SHIA worshippers Killed:The forgotten war

EDITORIAL:PAKISTAN TODAY

The horror. The Shia worshippers on their way to a pilgrimage, who were intercepted and murdered in Mastung, were all taken out of a bus, lined up and shot mercilessly. Bombing places of worship is no less stark a barbarity. But somehow Tuesday’s viciousness is a reminder of the point-blank rage that sectarian divides fuel in the radicalised.

The Lashkar-e-Jhangvi has claimed responsibility for the attack. This is Pakistan’s forgotten war. The turf war in Karachi gets enough media attention. So do the Taliban up north. And so does (sparingly, albeit) the Baloch insurgency. But it is the dragon’s teeth of militant networks that make themselves visible from time to time in the form of sectarian violence that have constantly been evading attention. As opposed to those who lord over Karachi or the bulk of the TTP, these networks are present all over the country. Much has been made of the presence of militants in South Punjab but that would mean to imply, erroneously, they aren’t active in north and central parts of the province.

In terms of constituency realpolitik, the campaigns of election candidates can be absolutely gutted if they manage to get on the wrong side of these networks. The political class, open always to debate, discussions and, usually, the maintenance of inclusive values, might make it to the chambers of legislature and even local executive positions, but in vast swathes of the land, it is these seminaries and their allied militant wings that call the shots; they are increasingly making those who are elected to power irrelevant.

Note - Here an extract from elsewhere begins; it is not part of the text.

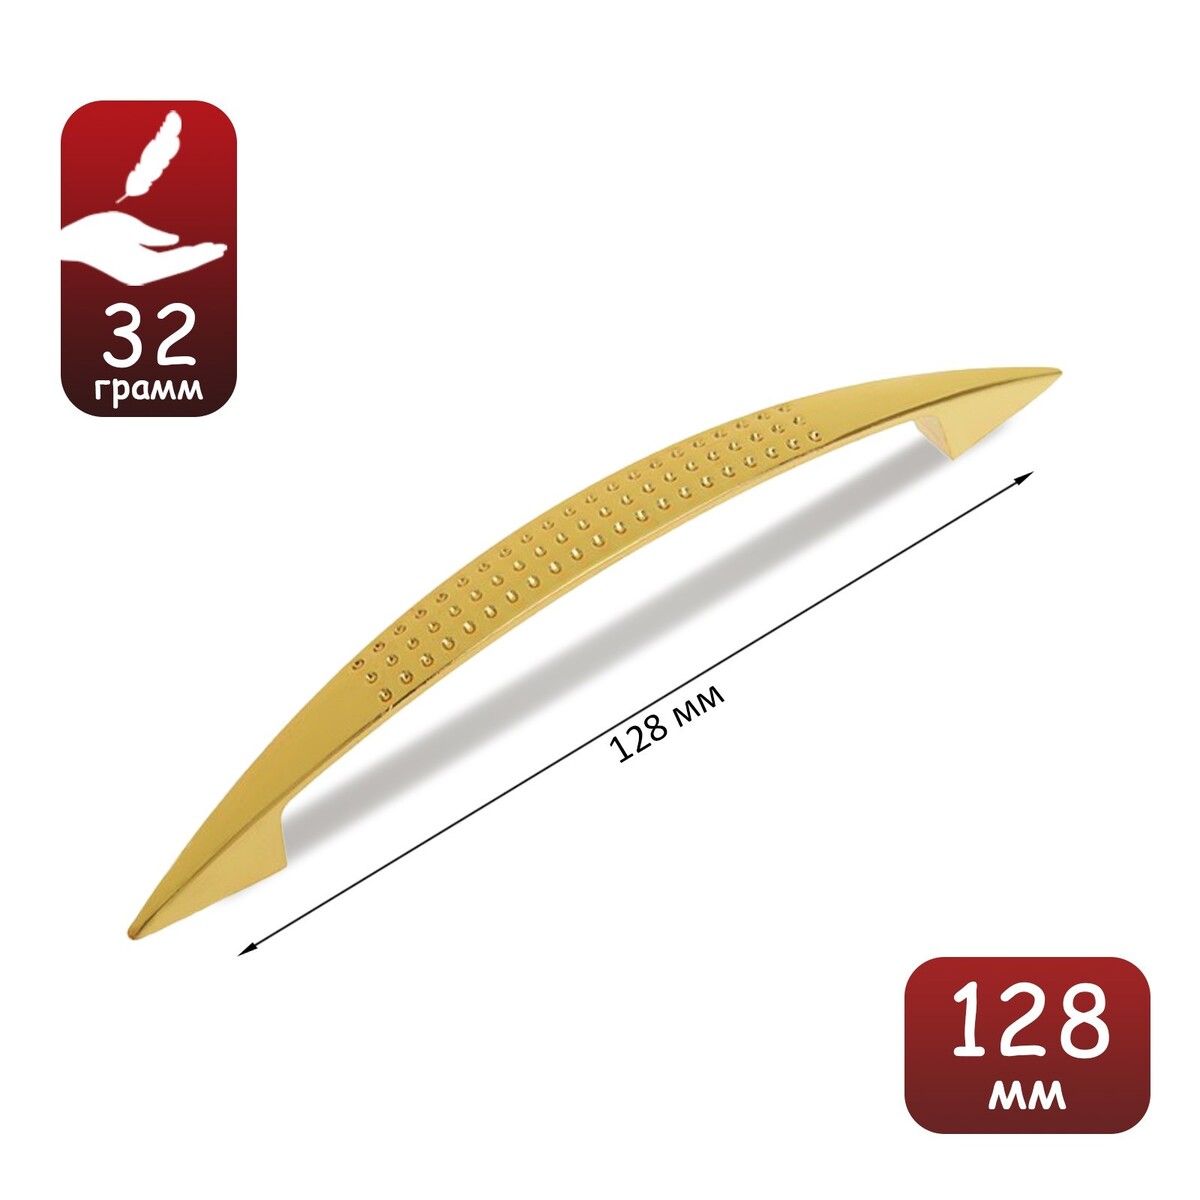 Ручка-скоба тундра standart, м/о 128 мм, цвет золото ручка скоба тундра тундра standart м о 128 мм золото

For those Pakistani hypernationalists who chuckle at India’s Naxalite red corridor, perhaps a look at Pakistan’s own soft underbelly would be in order.

That is indeed a depressing answer to the question that members of the Hazara community have been asking of late: where is the state?

This war, when it is finally fought, just might turn out to be bloodier than the ones we are currently engaged in. But it is one that cannot be avoided. Be it in Balochistan or the Punjab.